Wooten, an award-winning journalist, can be thanked for his years of columns and editorials calling on elected officials to spend taxpayer funds as if it were being depleted from their own wallets.

As the Associate Editorial Page Editor, it is believed Wooten will continue to post a weekly Thinking Right column as he enjoys life as a Middle Georgia farmer. To read Wooten’s bio please click here.

Who’s gonna take Wooten’s place? DaleC?

UPDATE: Here’s where to go for details if you’re interested in becoming the paper’s new conservative columnist.

AJC is losing $1 million a week

Thursday, January 15th, 2009

Welcome to the poorhouse.

This past Monday, AJC staffers were informed about the sudden “retirement” of their boss, publisher John Mellott.

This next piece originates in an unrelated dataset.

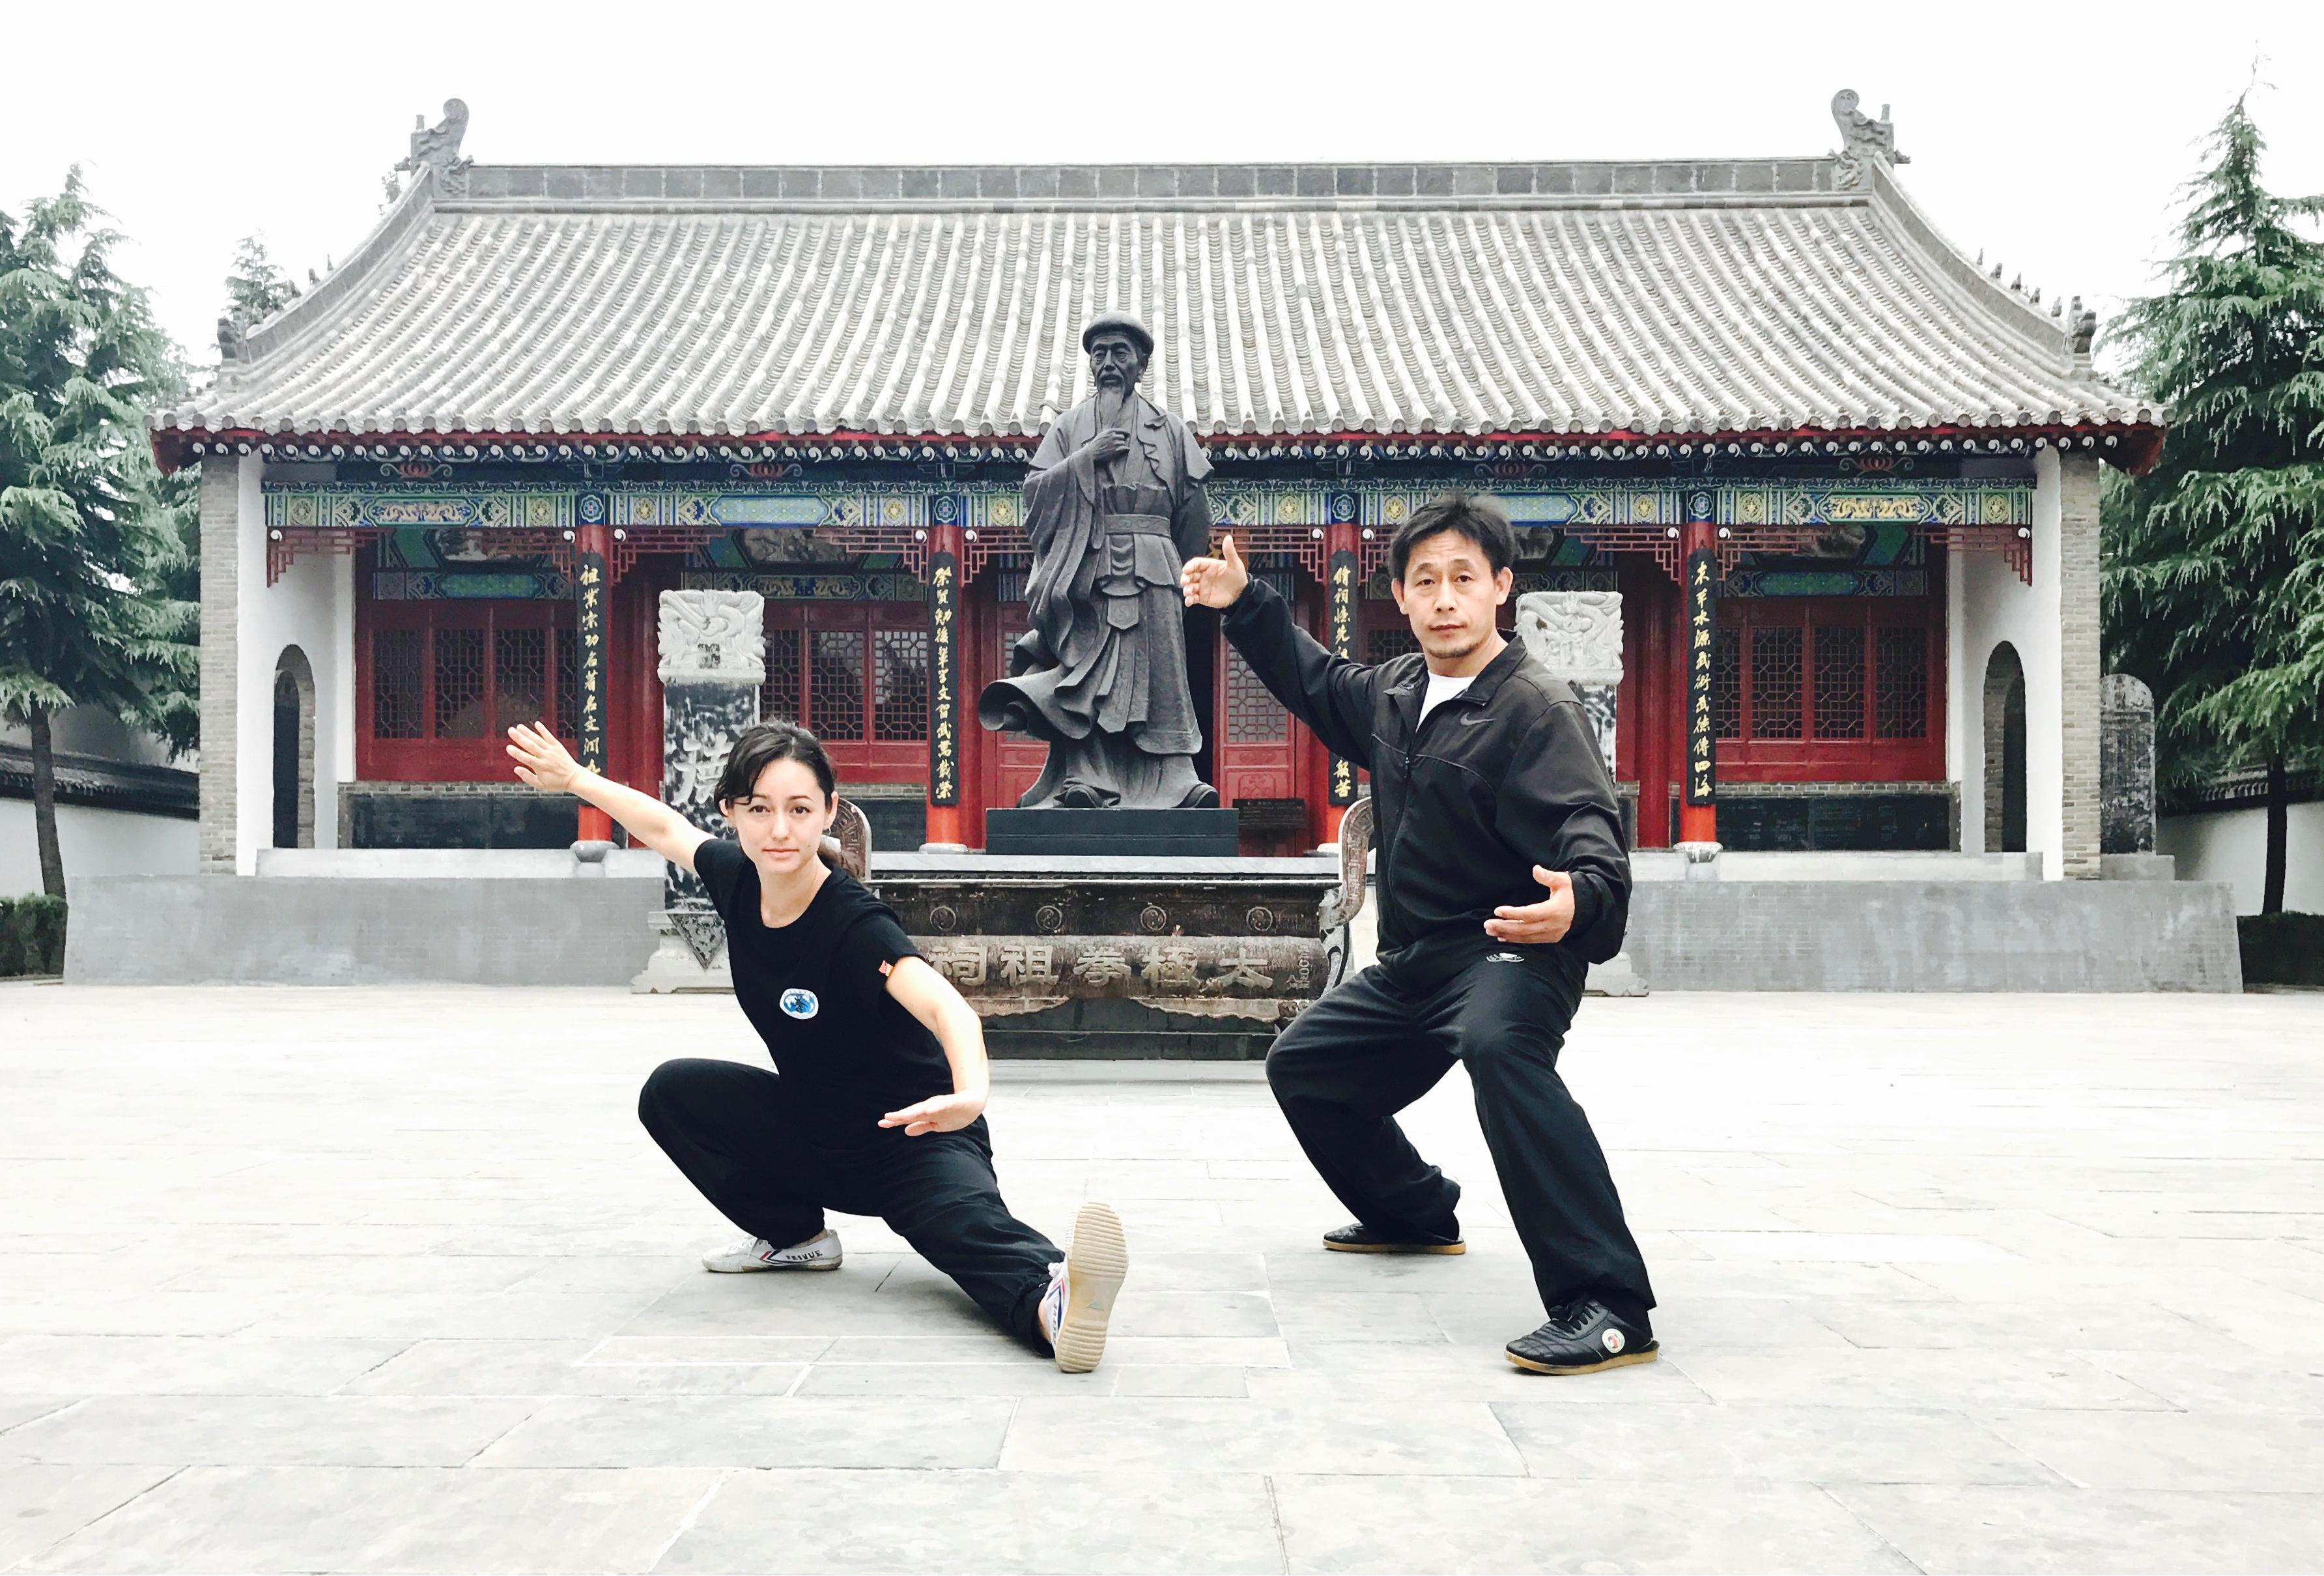 Traditional Chen Style Tai Chi by Alicia McGrann

Perhaps the first question that popped into everyone’s mind was, Who retires at 51?

On Wednesday, during the newspaper’s quarterly staff meeting, employees got to meet the new publisher, one Doug Franklin, who has years of experience as a veteran newspaper executive. (Mellott, by contrast, had previously run another Cox subsidiary, Dent Wizard.)

They were told that the bottom had fallen out of the embattled paper’s revenues sometime around October, which served to confirm the widely held suspicion that Mellott had been pushed out.

Franklin also told the assembled crowd that the AJC is currently losing about $1 million every week.

From what I understand, that little news flash got everybody’s attention.